And I’ll go farther than that. I’ll include gays — not those who merely insist on the legality of their marriages (which should be acknowledged) — but those who viciously and wickedly destroy the businesses of those who, in conscience, cannot regard them as they would wish. It’s a more subtle form of the same selfishness. Out of respect for the freedom of all, each of us has to learn to live graciously in a world where some people reject us for who we are. I do. Recently, an attorney tried to get in touch with me to discuss starting a class action suit against Hollywood studios for their reluctance to hire conservatives like me. I wouldn’t even call the guy back. The people who run the studios have the right to hire or not hire anyone they like. If I can’t defend their freedom to reject or accept me as they please, then what exactly is the basis for my freedom?

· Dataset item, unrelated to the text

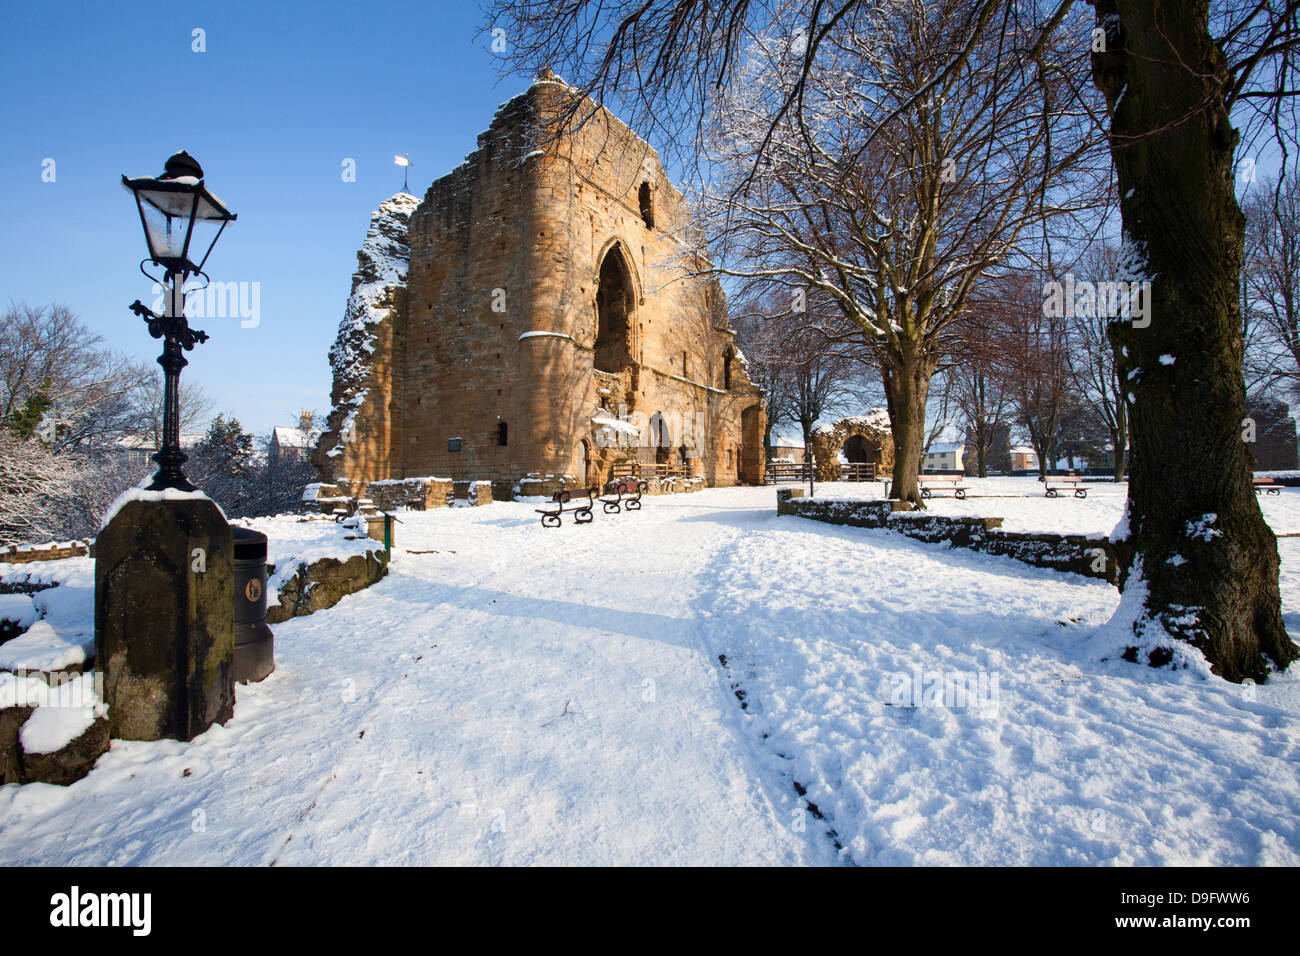 The Kings Tower at Knaresborough Castle in the snow Knaresborough, Yorkshire, England, UK Stock Photo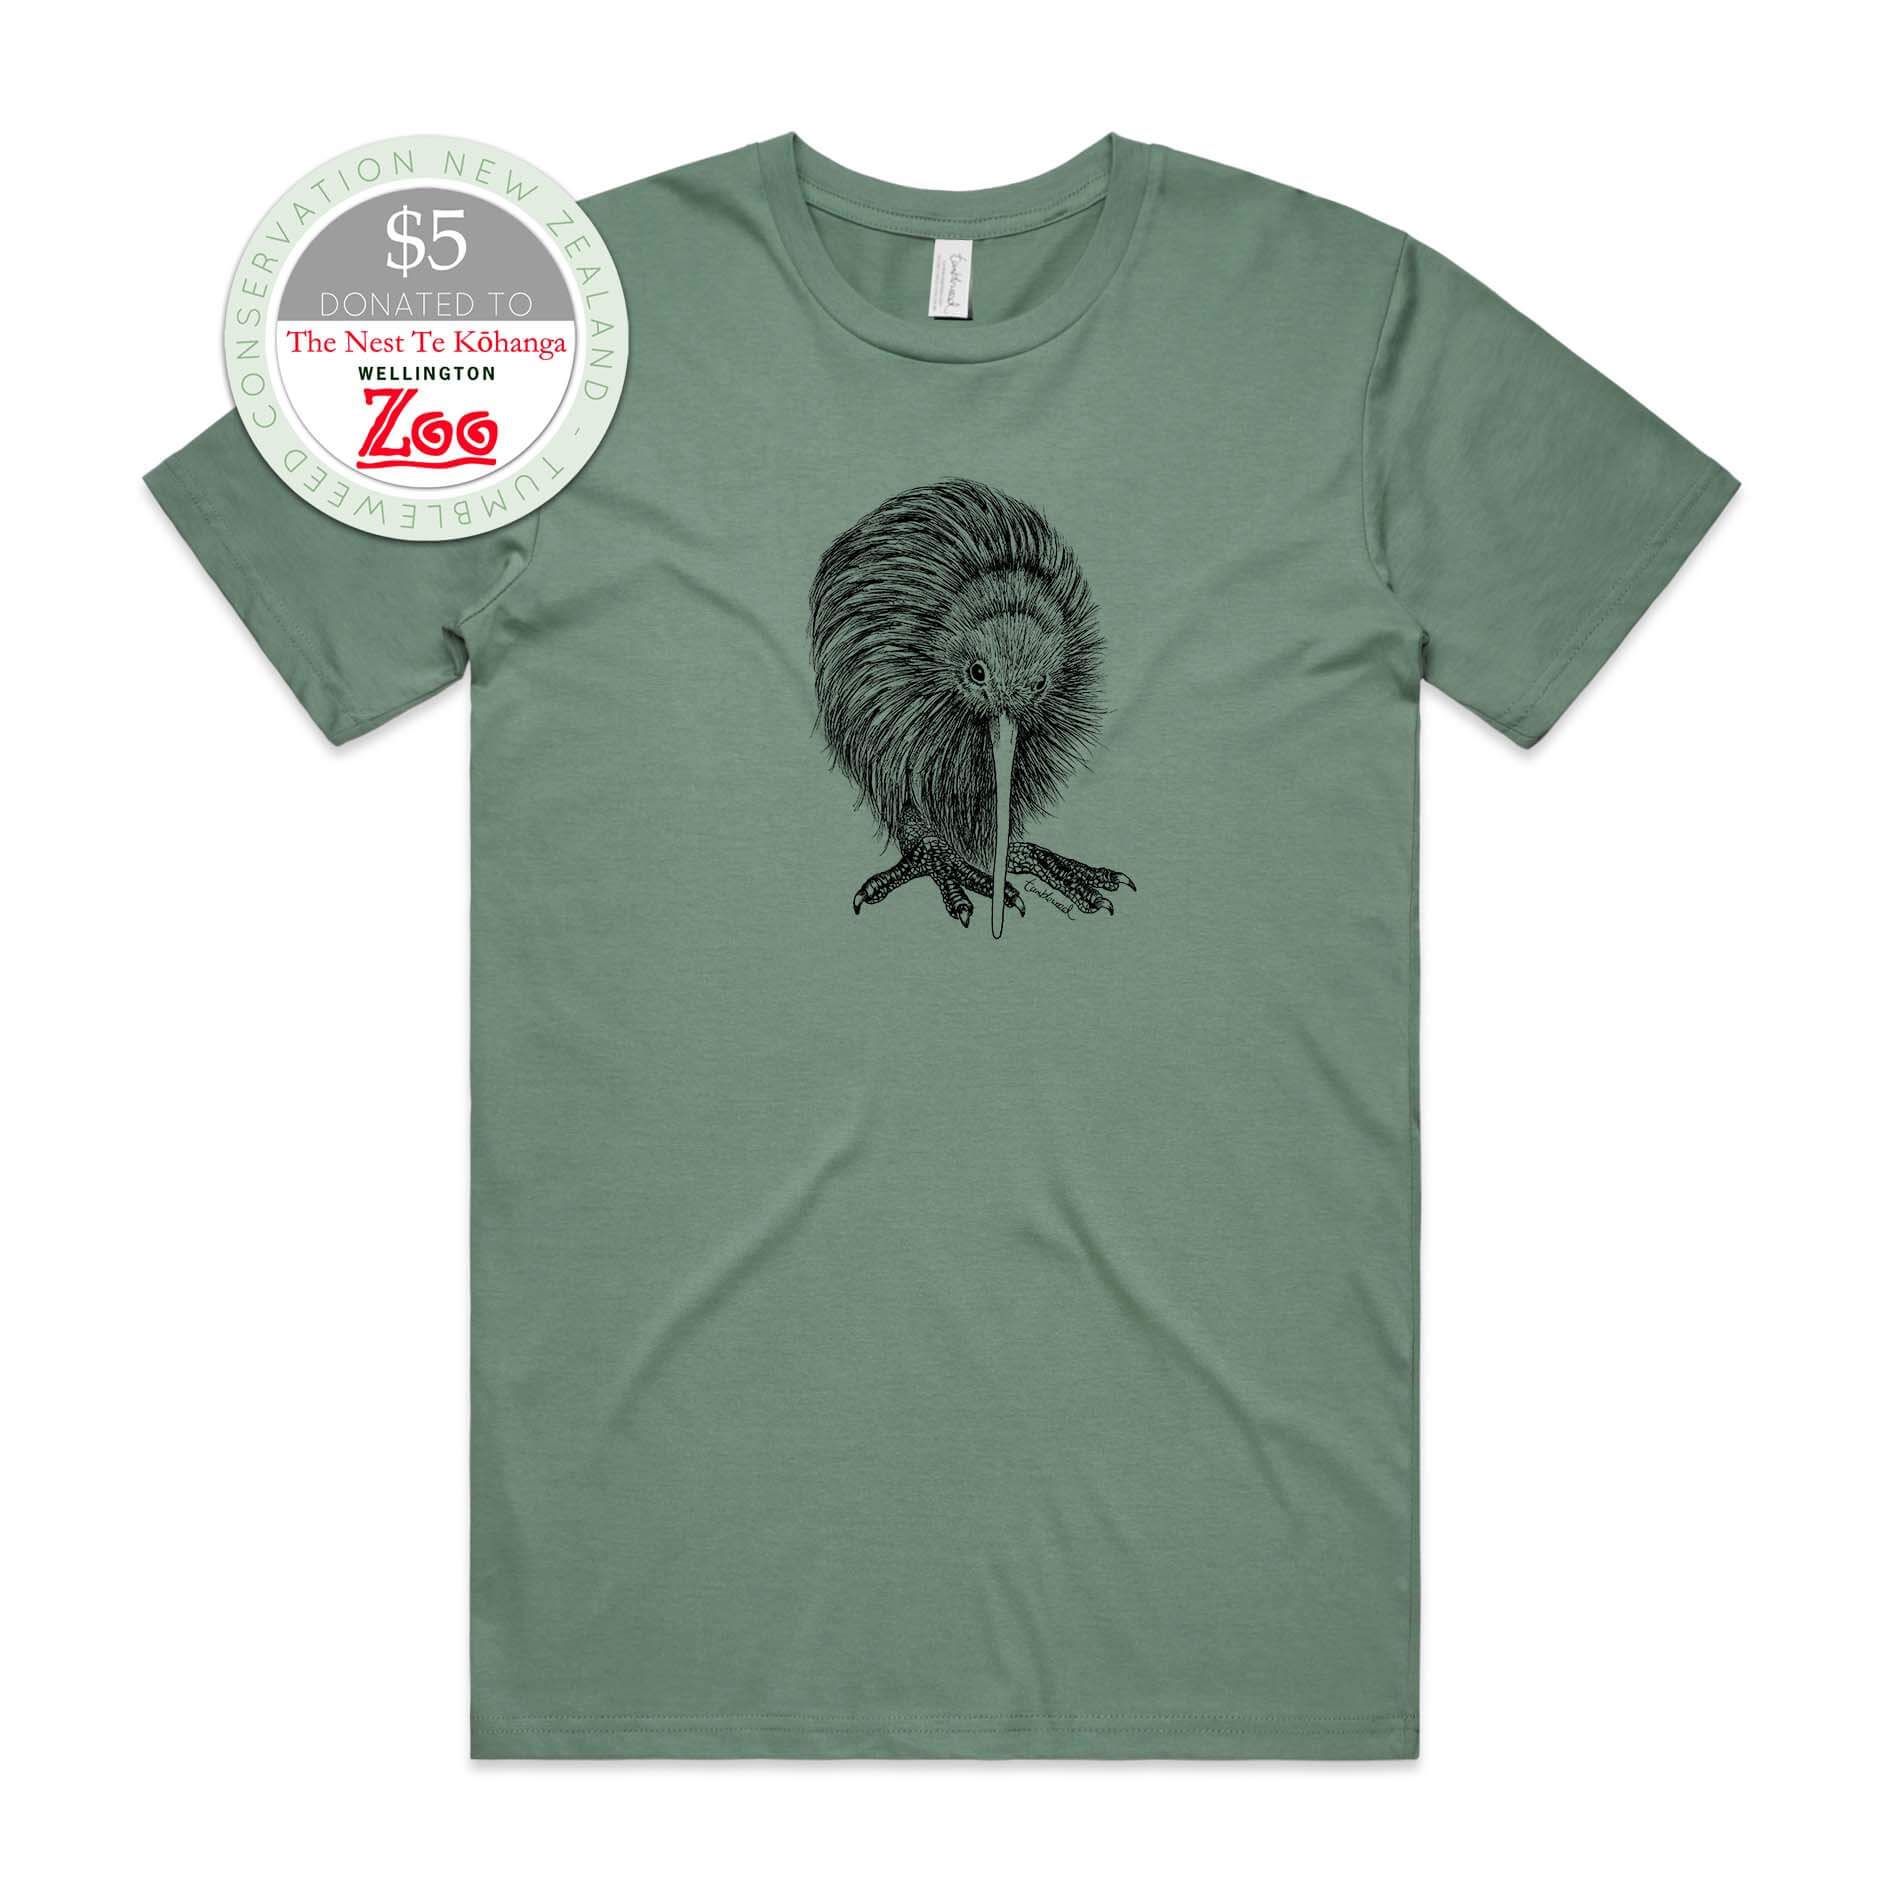 Sage, female t-shirt featuring a screen printed kiwi design.

Noonan wonders whether we failed to encourage humility by failing to honor it, but I think the problem lies deeper than that. The good of all and the good of each are often inherently in conflict. No one — certainly no conservative — should want individuals to blindly and slavishly sacrifice their freedom to the “collective.” No, in order for the one to make willing and legitimate sacrifices for the many, he has to be clear in his mind what he is sacrificing for. The immigrants of the past came here “yearning to breathe free.” It was not their right to come nor was it America’s duty to accept them. It was the free gift of a gracious nation bestowed on the “huddled masses”; they returned it by striving to better themselves and so bettered us all.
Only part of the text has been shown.